Introduction

The following are observations distilled from the "Scanline Rendering in POV-Ray" discussion thread at news.povray.org. They discuss in detail the pros and cons of scanline and raytracer rendering. The two methods are first described, and then compared. "Scanline" is a catch-all term for any method that renders using output buffer polygon rasterization, including REYES.


Raytracing

Raytracing is the dominant method for rendering photorealistic scenes. POV-Ray and Rayshade are examples of raytracers. Hardware implementations of raytracers exist but tend to be rare.

The idea behind raytracing is to iterate through the output buffer (screen) pixels and figure out what part of the scene each of them shows. As a result, if scene geometry remains constant, render time increases in linear proportion to the number of output pixels.

For each screen pixel, an imaginary ray is cast from the camera into the scene. Intersections between the ray and scene objects are compared and the closest one to the camera is used to color the pixel, making hidden surface removal implicit.

If the object is reflective or transparent/refractive, a second ray is cast (or bounced off the object) to find out what the object is reflecting or letting show through. Rays can also be cast towards light sources to determine shadows. Every primitive must provide some way to test itself with the intersection of a ray.

A Z or depth buffer may also be used to provide quick redrawing effects after a rendering is completed, although some raytracers forego such a feature because the main rendering task does not explicitly require a Z buffer.


Scanline Rendering

Scanline rendering is the preferred method for generating most computer graphics in motion pictures.

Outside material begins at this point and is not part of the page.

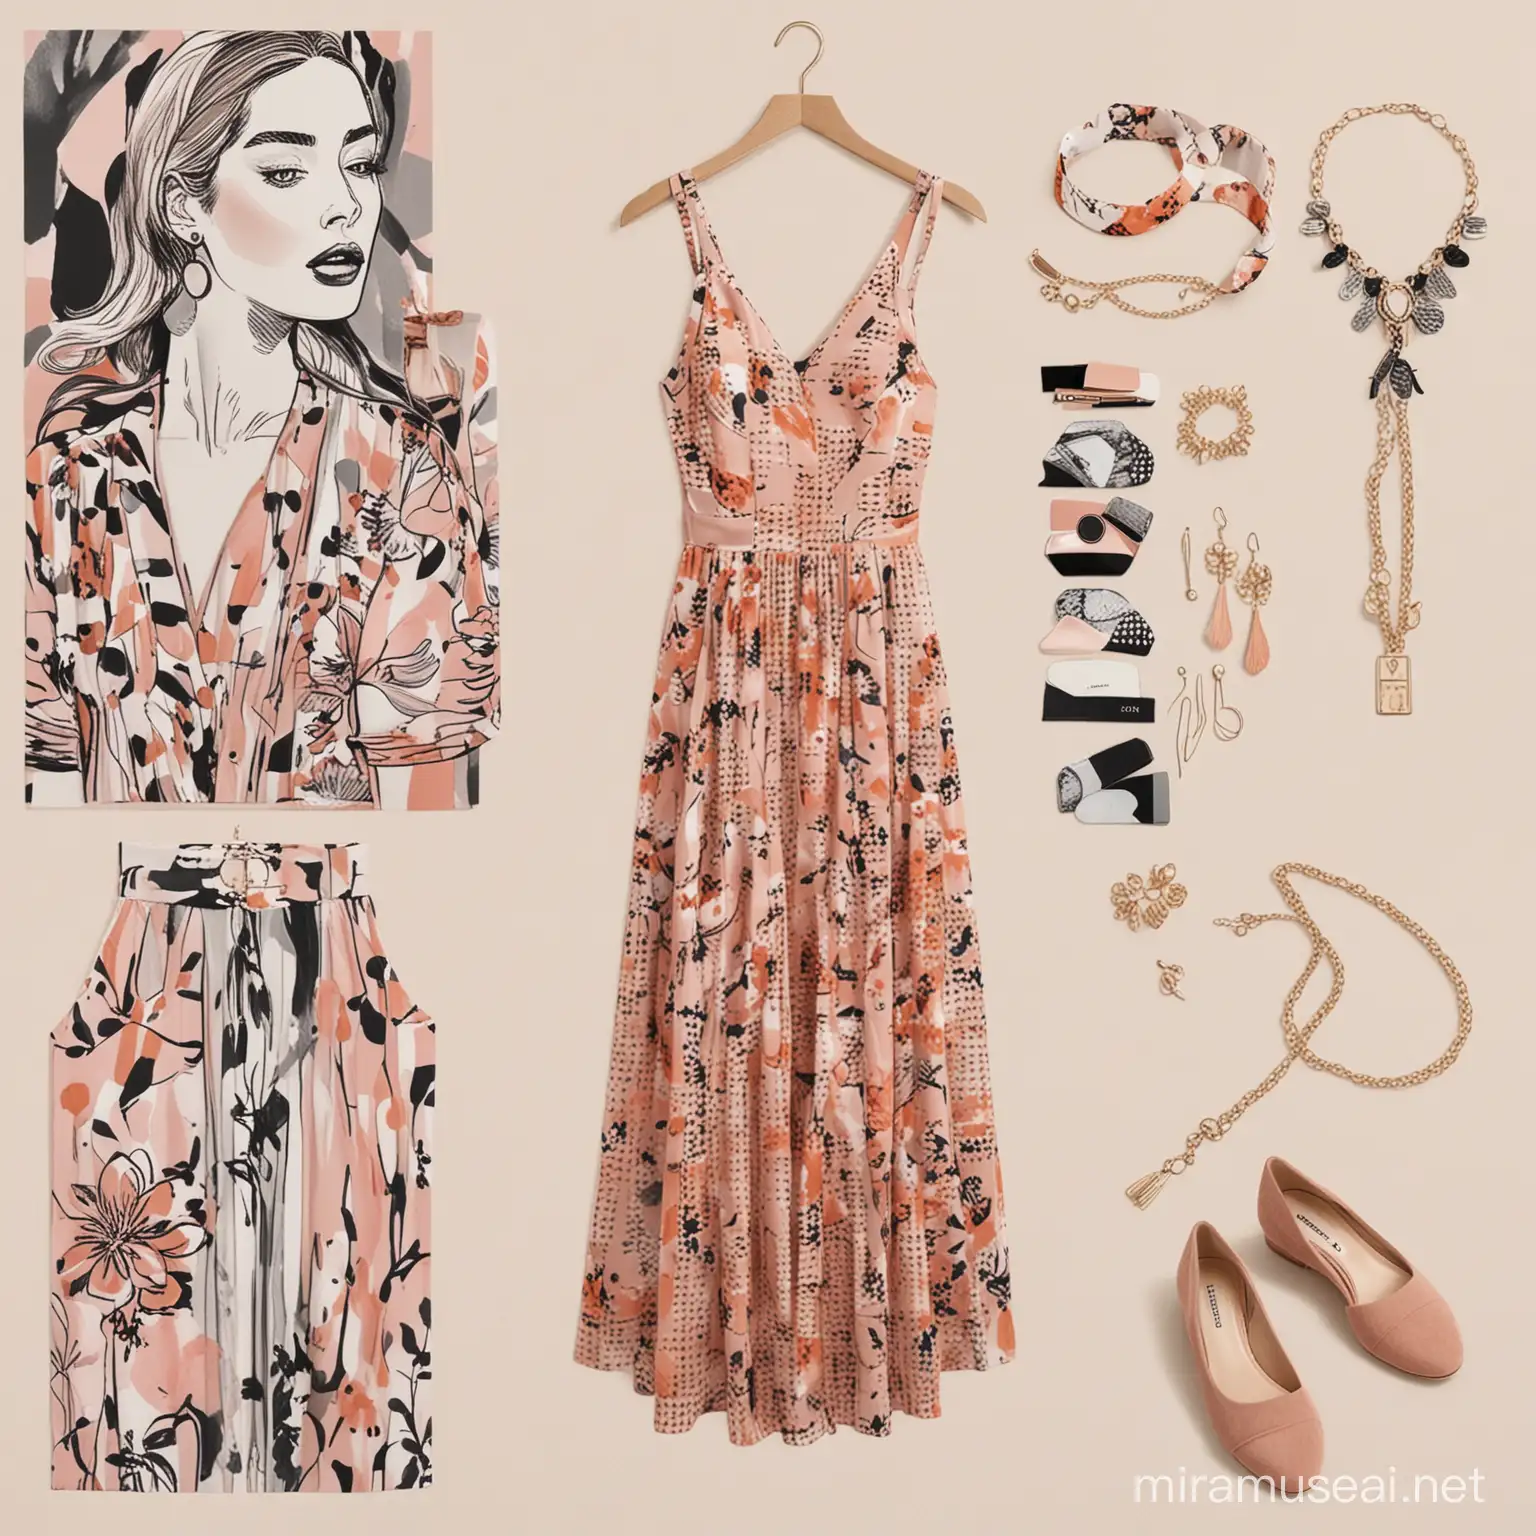 Fashion Illustration Styling Tips Board for Women with Abstract Floral Print Midaxi Dress and Accessories

One particular implementation, REYES, is so popular that it has become almost standard in that industry. Scanline rendering is also the method used by video games and most scientific/engineering visualization software (usually via OpenGL). Scanline algorithms have also been widely and cheaply implemented in hardware.

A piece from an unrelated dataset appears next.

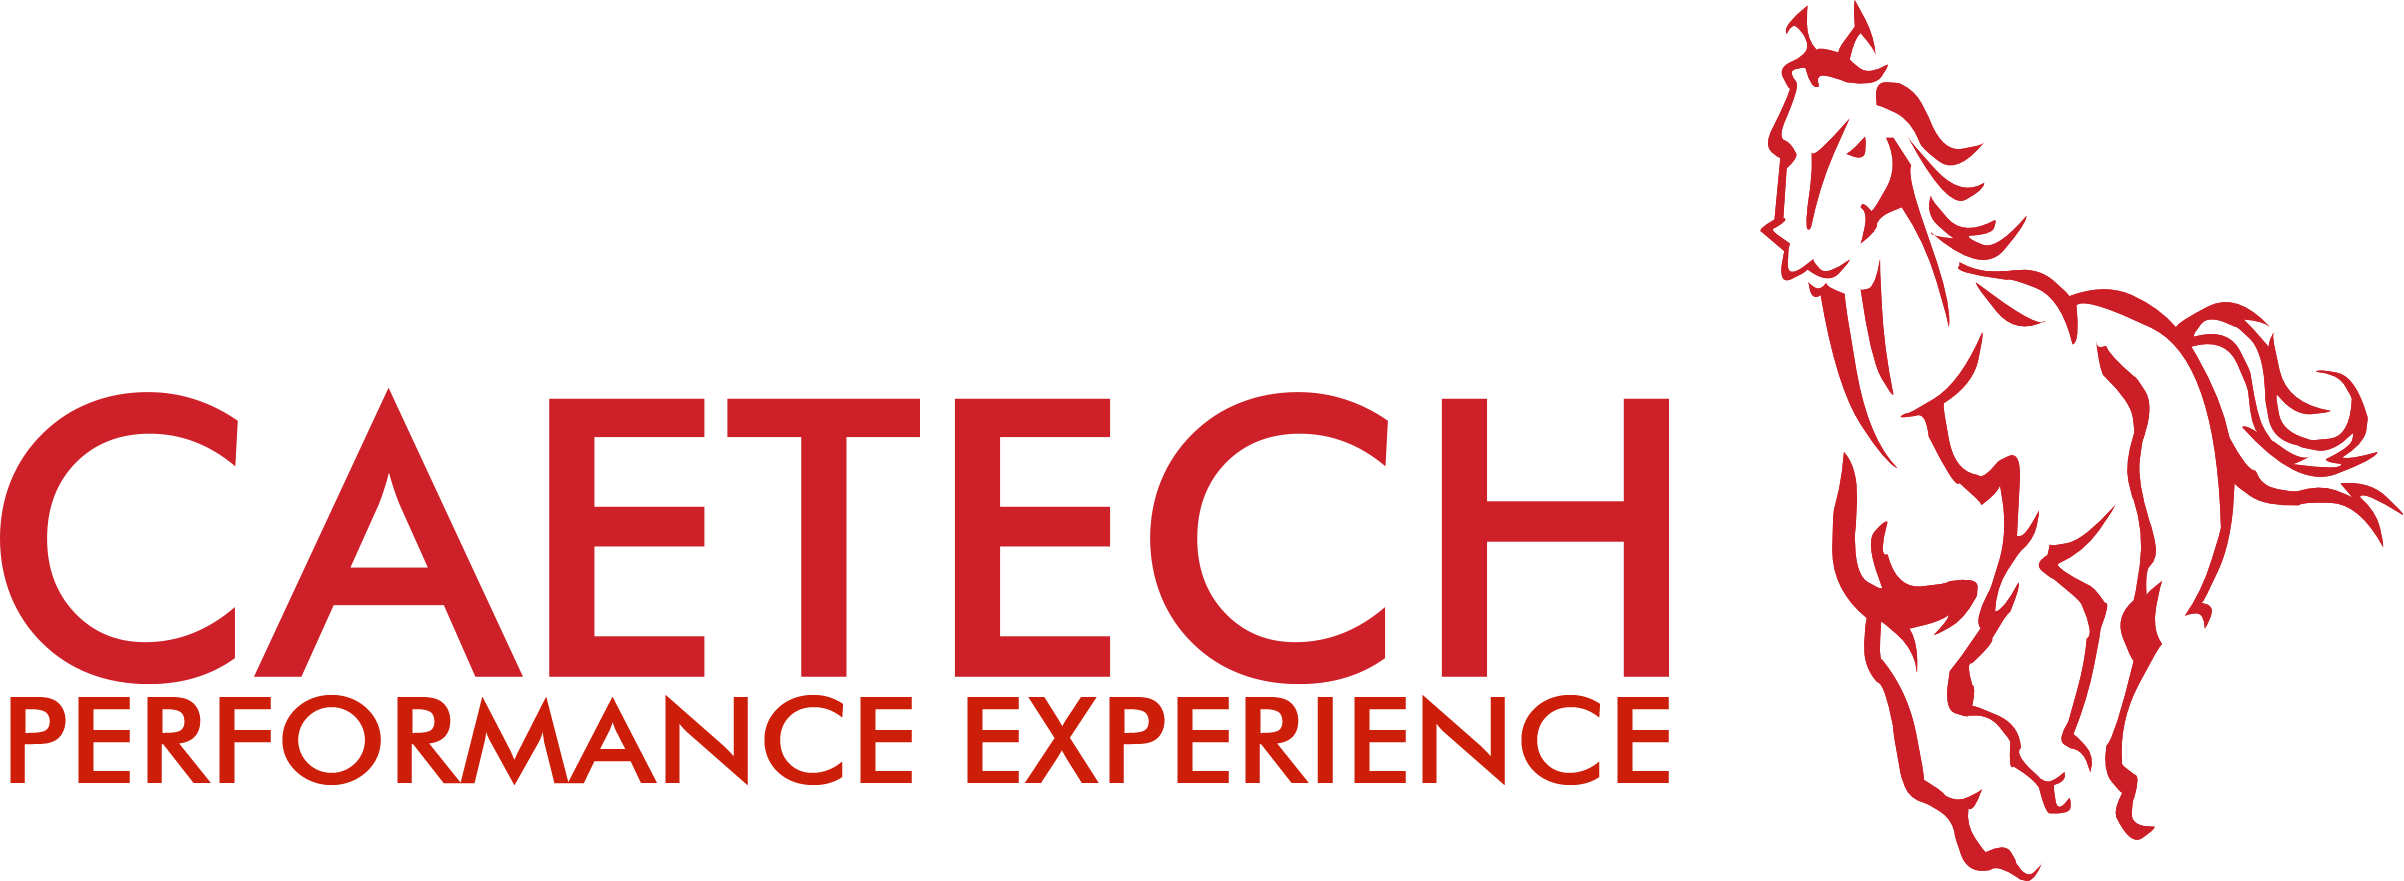 00_logo_caetech_performance_experience_Nero.png

In scanline rendering, drawing is accomplished by iterating through component parts of scene geometry primitives. If the number of output pixels remains constant, render time tends to increase in linear proportion to the number of primitives. OpenGL and Photorealistic Renderman are two examples of scanline rendering.

Before drawing, a Z or depth buffer containing as many pixels as the output buffer is allocated and initialized. The Z buffer is like a heightfield facing the camera, and it keeps track of which scene geometry part is closest to the camera, making hidden surface removal easy. The Z buffer may store additional per-pixel attributes, or other buffers can be allocated to do this (more on this below). Unless primitives are prearranged in back-to-front painting order and do not present pathological depth issues, a Z buffer is mandatory.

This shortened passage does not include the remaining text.